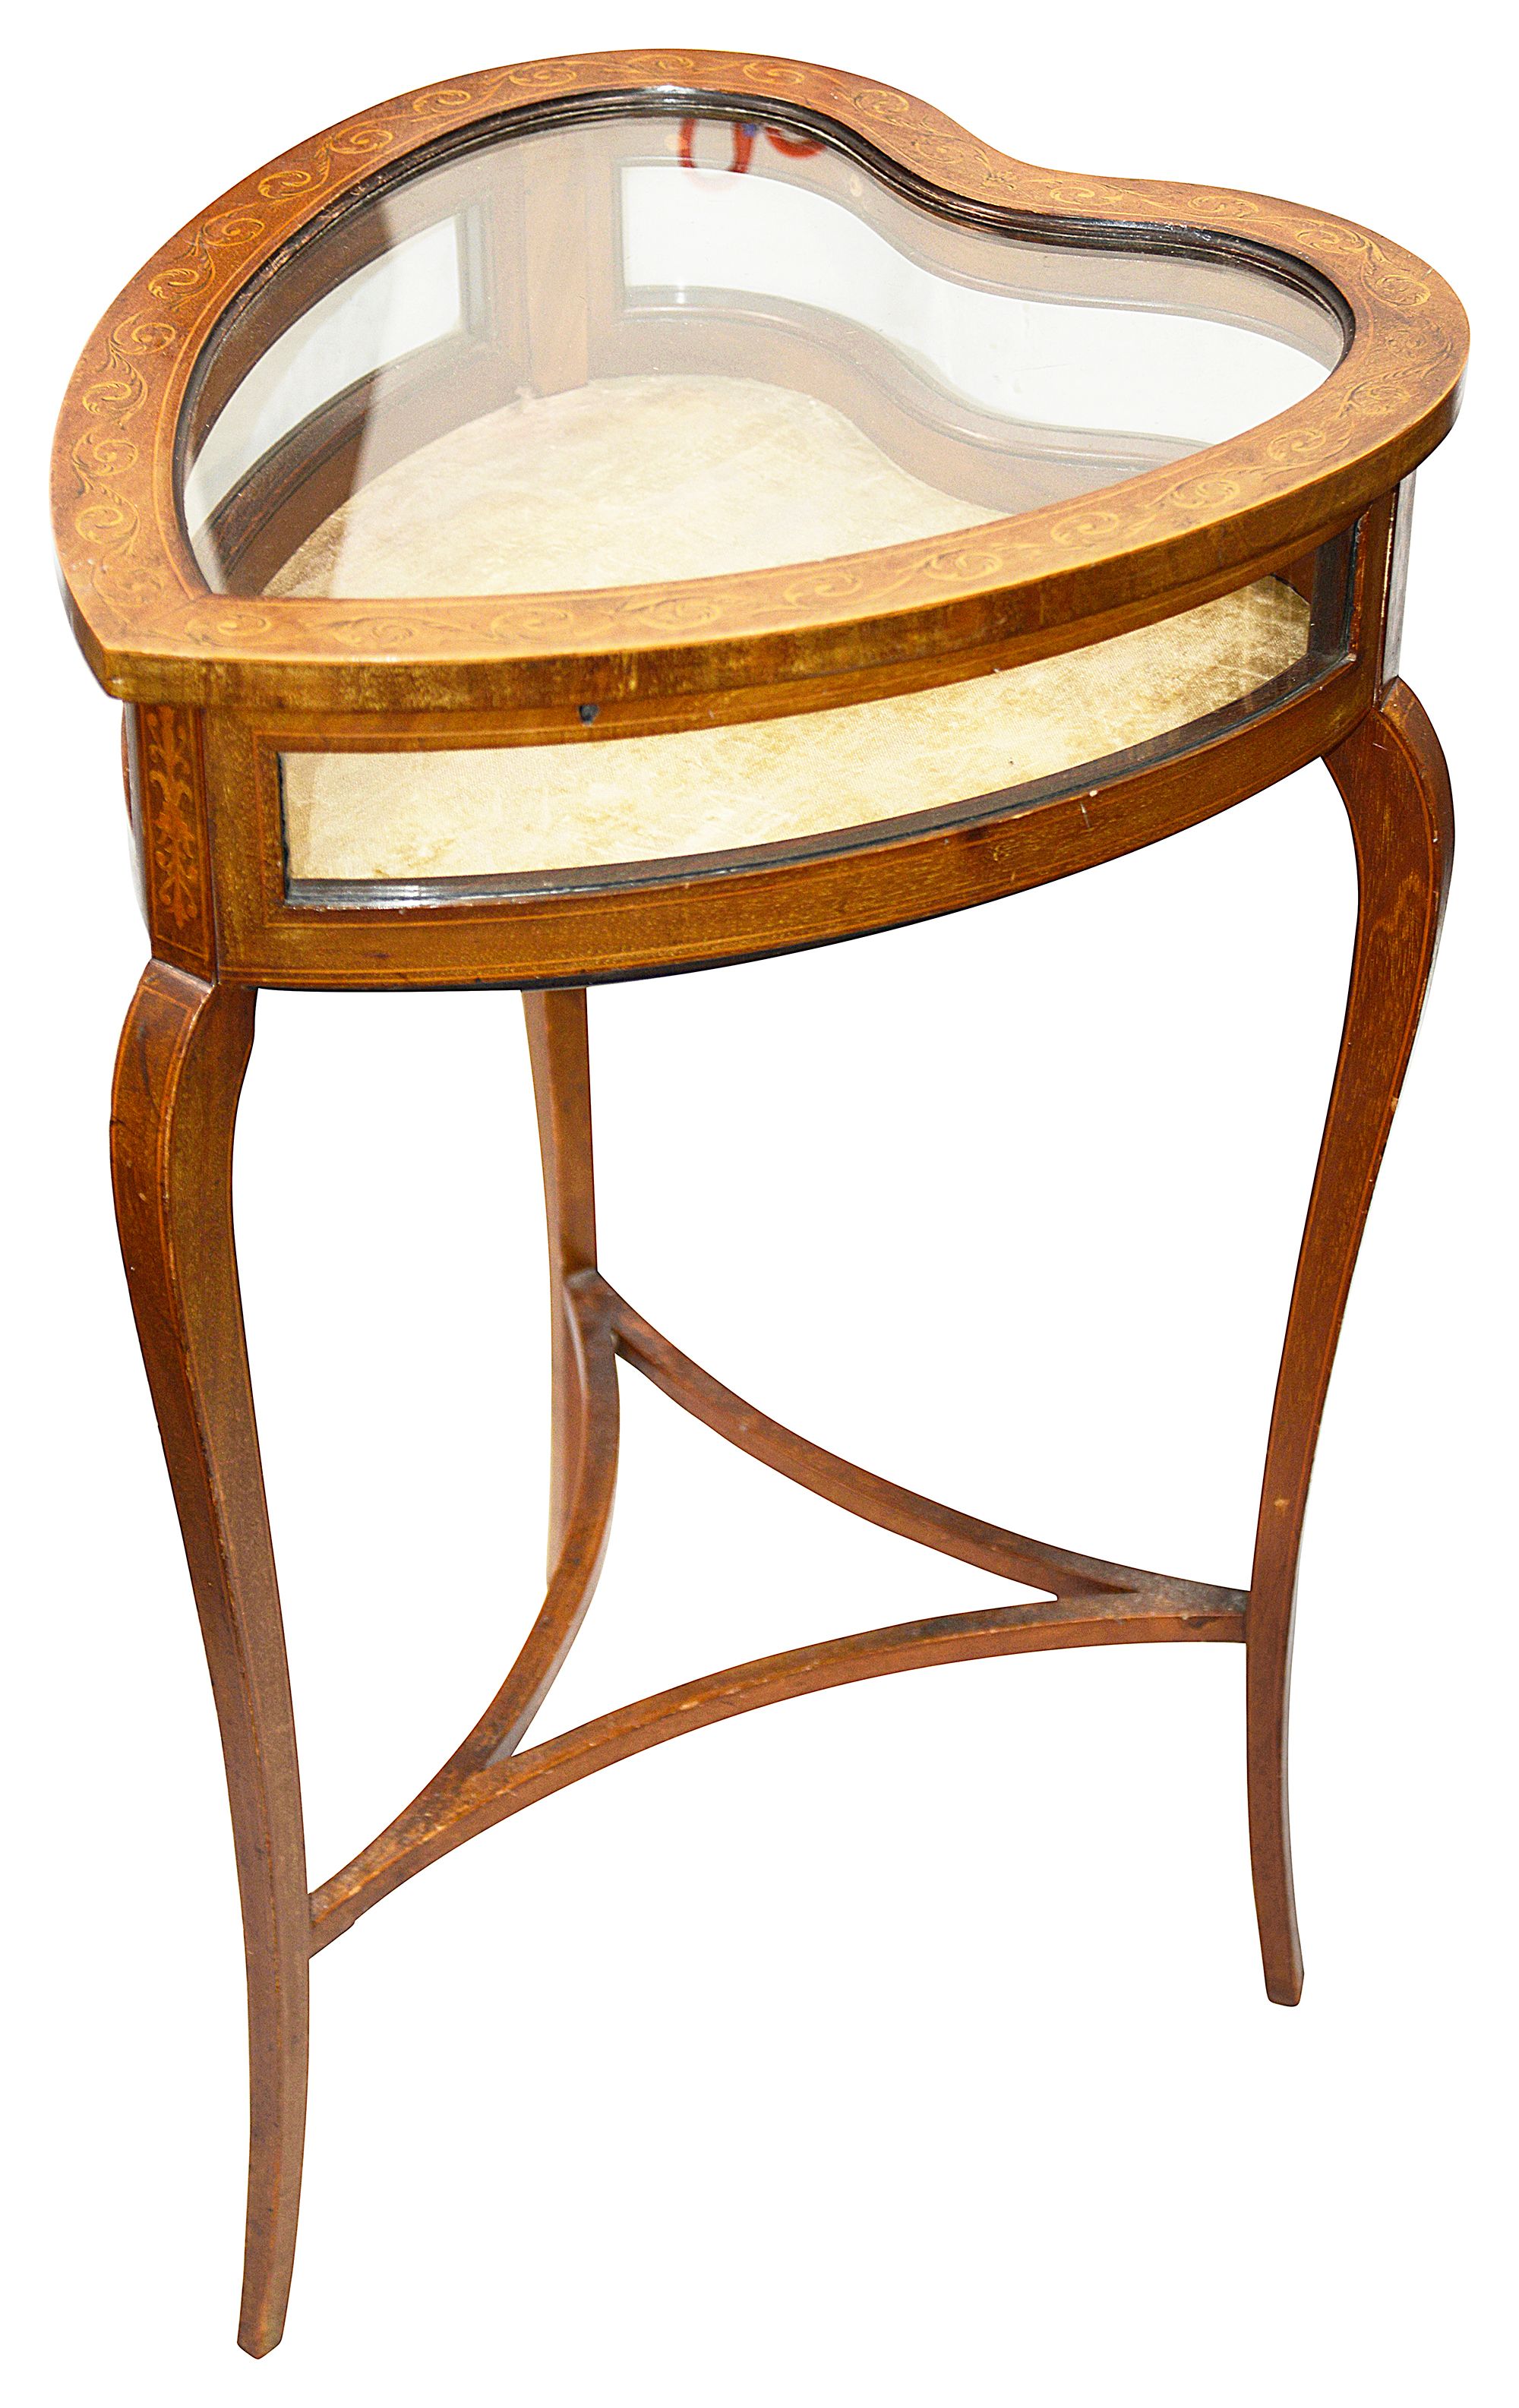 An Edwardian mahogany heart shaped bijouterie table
* * *
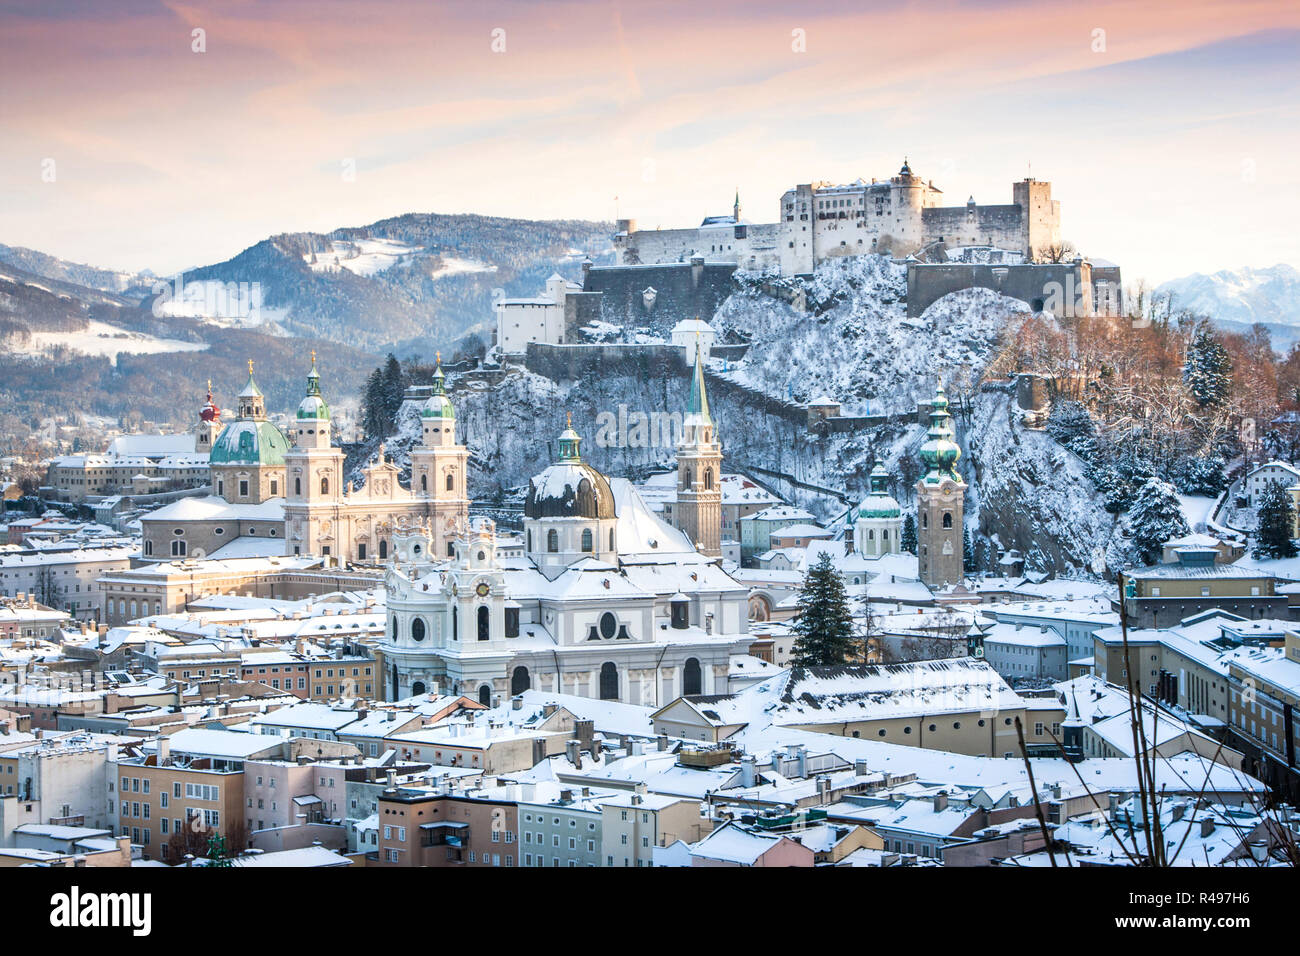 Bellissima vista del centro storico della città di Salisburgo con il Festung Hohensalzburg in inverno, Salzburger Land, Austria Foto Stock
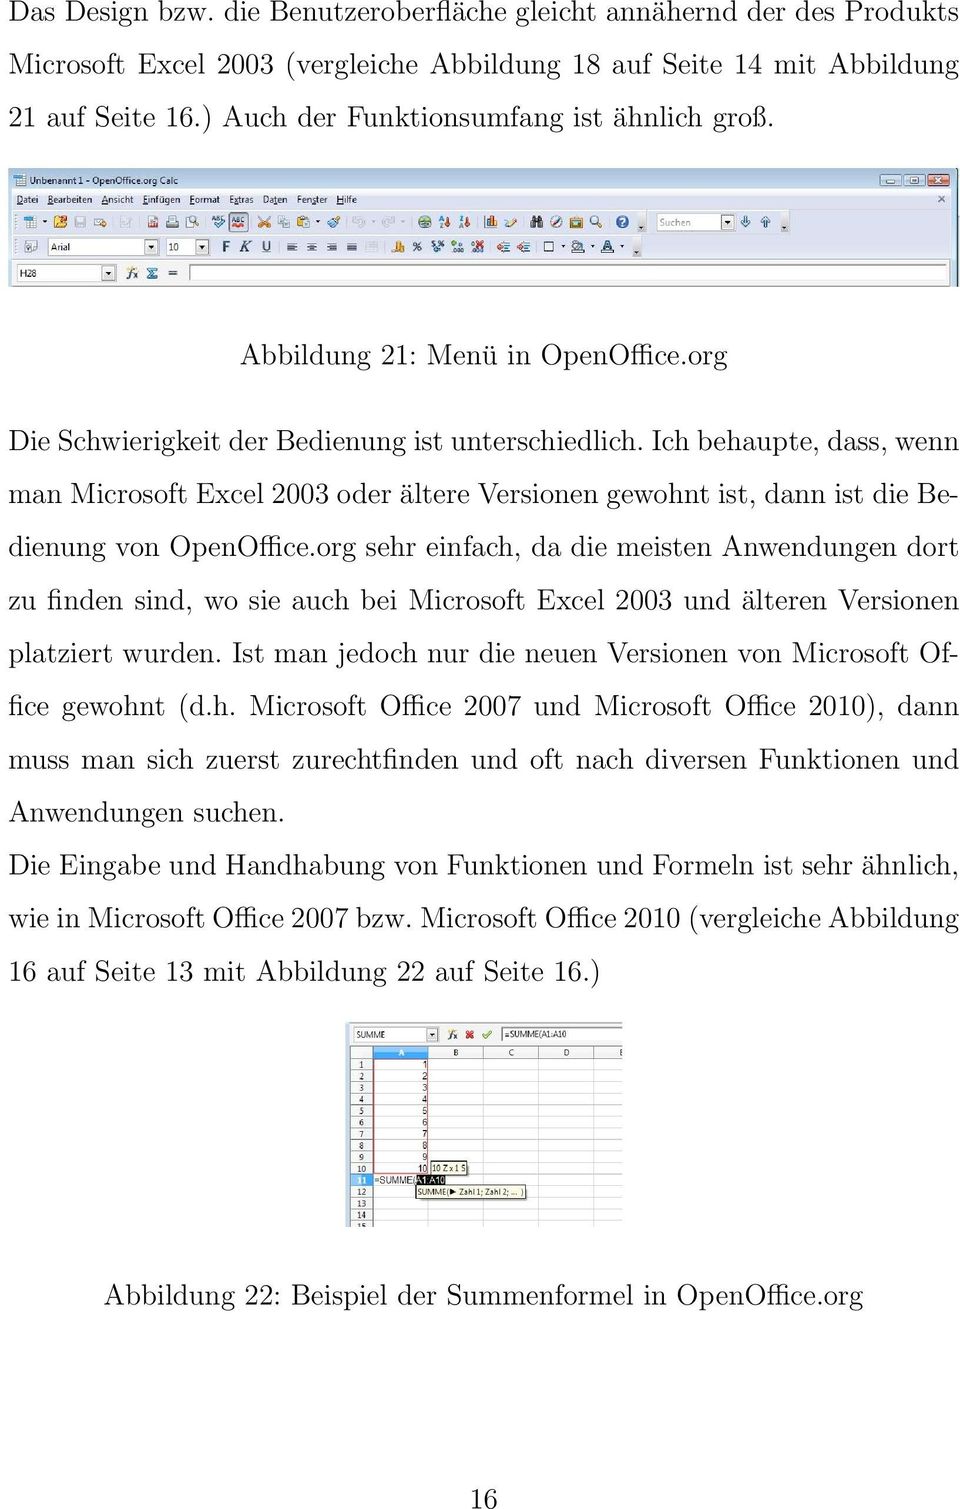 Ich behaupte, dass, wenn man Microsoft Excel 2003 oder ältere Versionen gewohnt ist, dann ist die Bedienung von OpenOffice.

Action item:
Take the material above and output only the lines from the one that contains "Bellissima vista del" through the one that contains "Ich behaupte, dass, wenn", ends included and images left out.

Result:
 Bellissima vista del centro storico della città di Salisburgo con il Festung Hohensalzburg in inverno, Salzburger Land, Austria Foto Stock
 Ich behaupte, dass, wenn man Microsoft Excel 2003 oder ältere Versionen gewohnt ist, dann ist die Bedienung von OpenOffice.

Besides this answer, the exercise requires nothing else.